We compared changes in free cholesterol in GM18453 cells using filipin and an Amplex Red assay of cholesterol. Since the Amplex Red assay measures total free cholesterol, we compared this with the total filipin fluorescence per cell. As shown in Figure 2A there is only a slight drop in total cholesterol as the LSOs are cleared of cholesterol, and the filipin and Amplex Red values show very similar effects. The small effect on total cholesterol is in agreement with earlier studies that showed that NPC mutant cells have elevated cholesterol in the LSOs, but elsewhere the cholesterol content is reduced (49). To test whether the observed effect depended on the expression of the mutant NPC1 protein, we treated U2OS-SRAshNPC1 (NPC1-/-) cells with three HSP90 inhibitors at varying concentrations for 72 h. The LSO ratios were measured by filipin labeling as described above. Figure 2B shows that there was no correction of the NPC1 phenotype in these cells, demonstrating that the effect observed is specific for cells carrying a mutant NPC1 protein and not an NPC1-independent effect similar to HPCD treatment (50).
Time Course of HSP90 inhibitors on NPC1I1061T fibroblasts
We measured the time course for effects of HSP90 inhibitors on NPC1I1061T mutant human fibroblasts. Figure 3 shows the effect of 17-AAG and AUY922 at various doses after 1, 2, or 3 days. Neither of the inhibitors tested had a large effect at 24 h, but both showed dose-dependent effects at 48 h and similar or somewhat greater effects after 72 h treatment. This time course is consistent with the need to synthesize and transport new NPC1 proteins to LE/Ly in response to the drug treatment as has been proposed for HDACi treatment (11, 18, 21). The t1/2 of wild type NPC1 wild type protein that has passed beyond the ER is 1-2 days (11), and a similar lifetime was observed for NPC1I1061T in human fibroblasts treated with Vorinostat (18).
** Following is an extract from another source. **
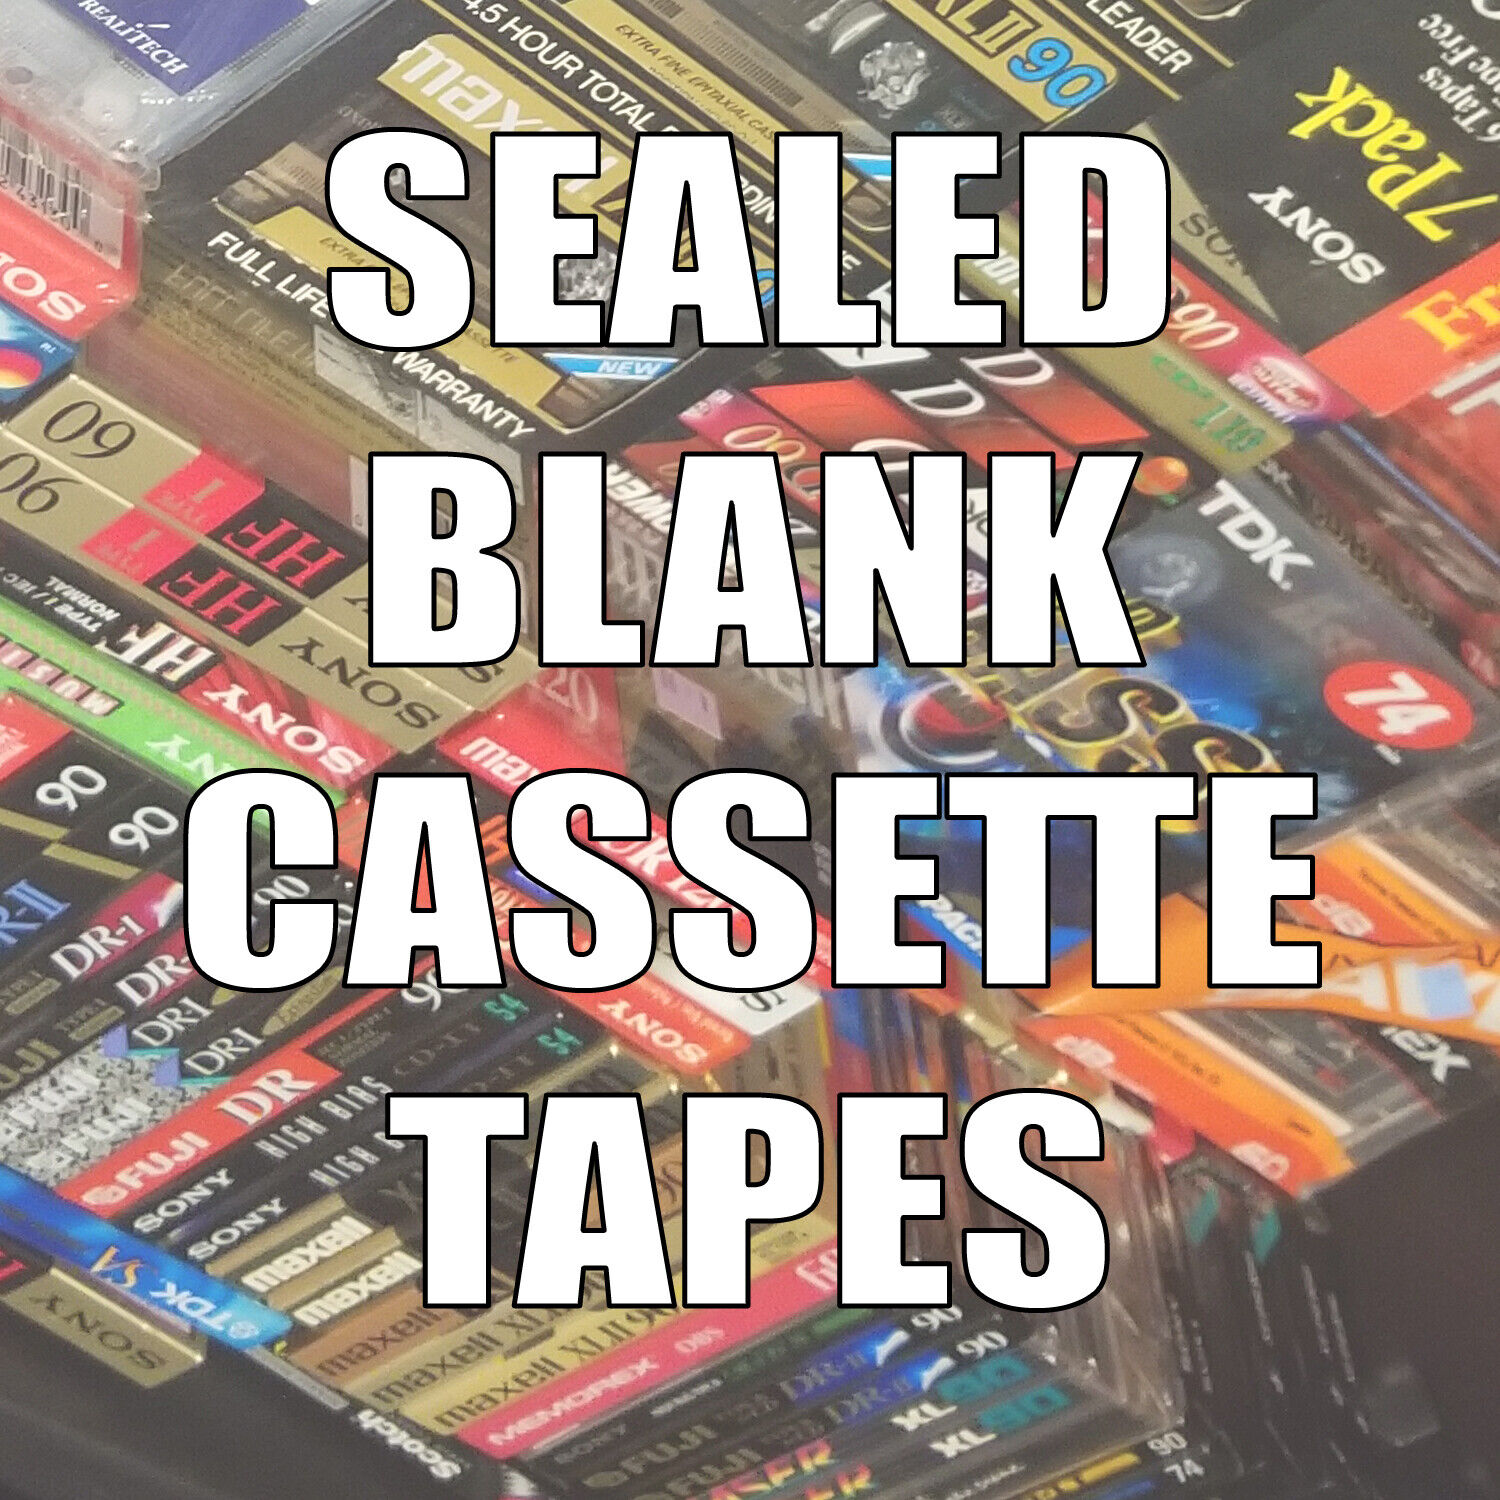 BLANK SEALED CASSETTE TAPES - Normal & High Bias - New Audio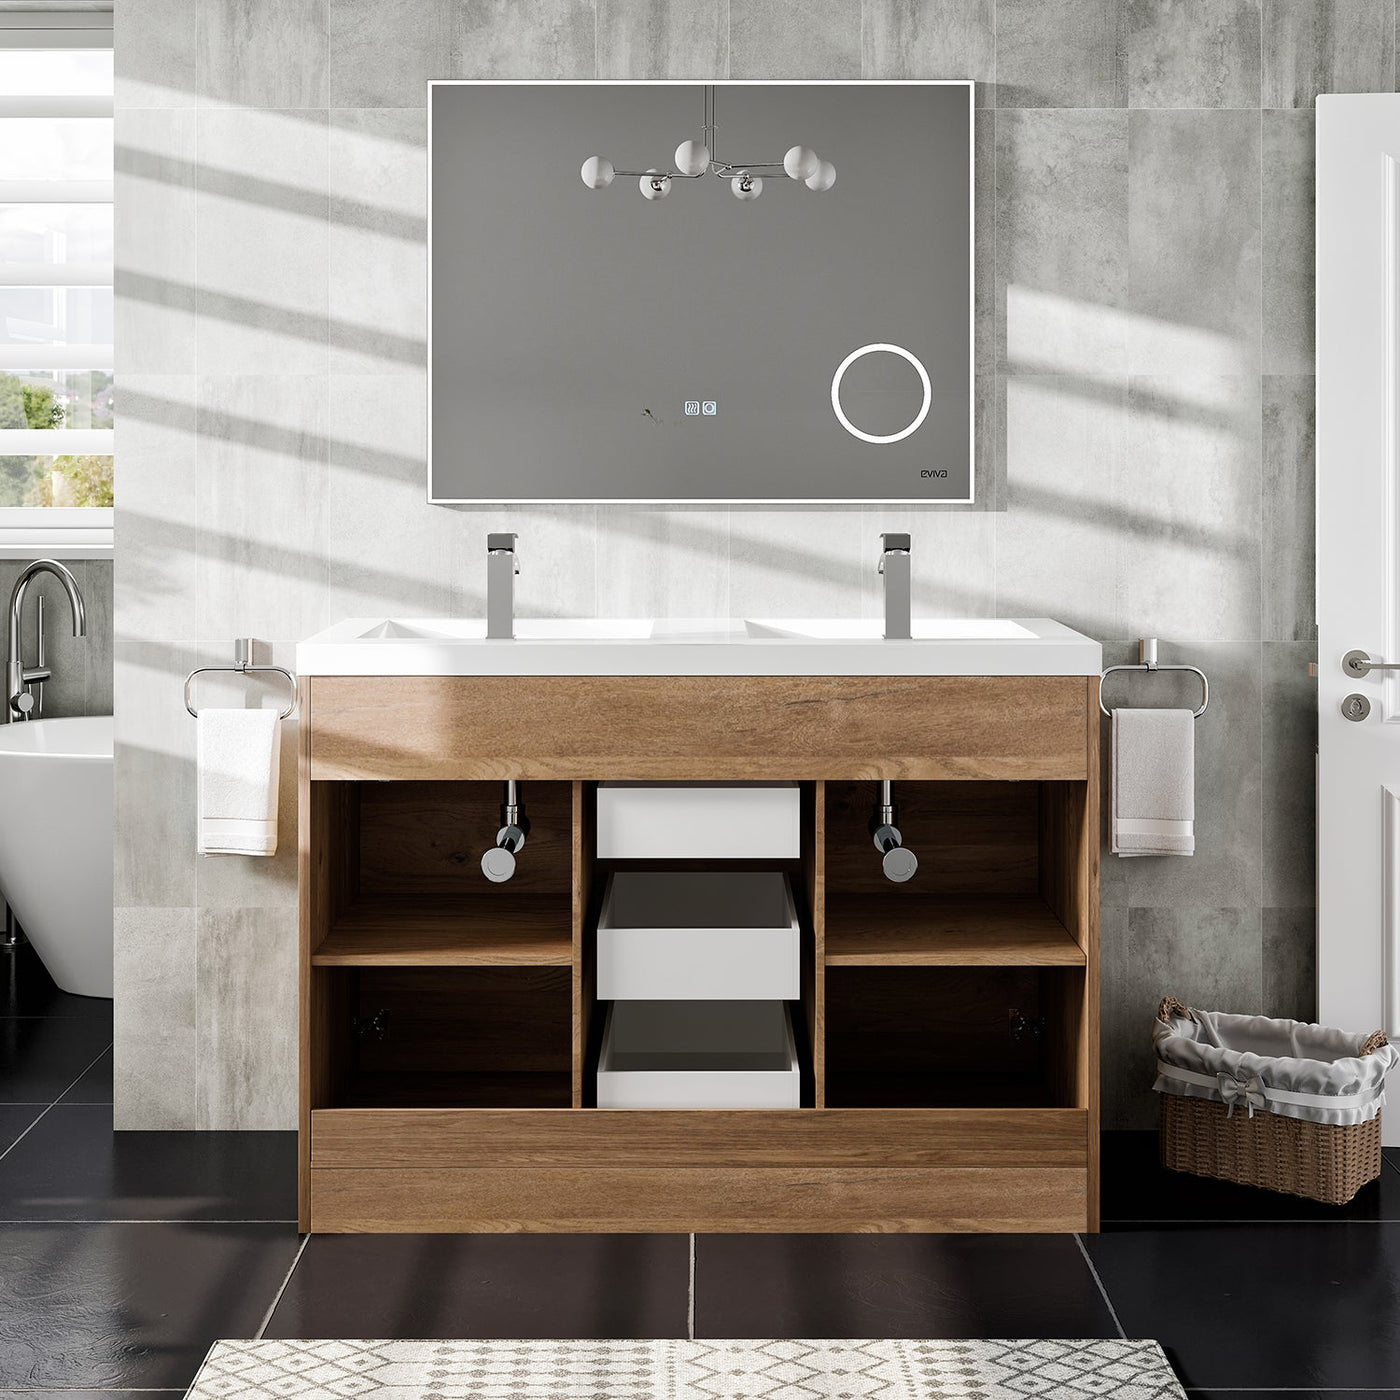 Lugano 48"W x 20"D Natural Oak Double Sink Bathroom Vanity with White Acrylic Countertop and Integrated Sinks

AUY922 treatment rescues the trafficking of mutant NPC1 protein in NPC1I1061T fibroblasts
In cultured fibroblasts approximately half of the wild type NPC1 protein is degraded rapidly, and for many mutants most of the synthesized protein is degraded with very little reaching the LE/Ly (11, 18). To measure export of NPC1I1061T out of the ER, we measured acquisition of resistance to endoglycosidase H (EndoH), which occurs after proteins are exported from the ER. We measured the effect of AUY922 on acquisition of EndoH resistance (EndoHR). The cell lysates from DMSO and AUY922 treated NPC1I1061T fibroblasts were incubated with endo H to cleave immature high-mannose N-linked glycans found in the ER, resulting in an increase in migration using SDS-PAGE (EndoHS). In immunoblots, the band intensities for EndoHR and EndoHS bands were measured (Figure 4 A,B). Treatment of NPC1I1061T fibroblasts with AUY922 substantially increases exit from the ER as shown by the decrease in EndoHS fraction (clear bars) after AUY922 treatment in a dose dependent manner.
To determine whether treatment with an HSP90 inhibitor improved trafficking of NPC1I1061T protein to LE/Ly, we treated GM18453 NPC1I1061T cells with 100 nM AUY922 or solvent control DMSO for 72 h. The cells were then incubated with Alexa546 LDL for 3.5 h followed by a 0.5 h chase to deliver labeled LDL to LE/Ly (51–53). The fibroblasts were fixed, and NPC1 protein was detected by immunofluorescence (Figure 4C). Representative sum projected images are shown. The mutant NPC1 protein does not co-localize with Alexa546 LDL in LE/Ly in the DMSO-treated cells (i.e., red and green puncta are not co-localized). After 72 h treatment with 100 nM AUY922, a large fraction of the mutant NPC1 protein localizes in yellow puncta in the overlay, showing that NPC1 and LDL are in the same organelles. Additional representative images are also shown in Figure S2. This indicates that treatment with AUY922 leads to delivery of the mutant NPC1 to the organelles in which LDL is releasing cholesterol, and this NPC1I1061T effectively aids in transporting cholesterol out of these organelles.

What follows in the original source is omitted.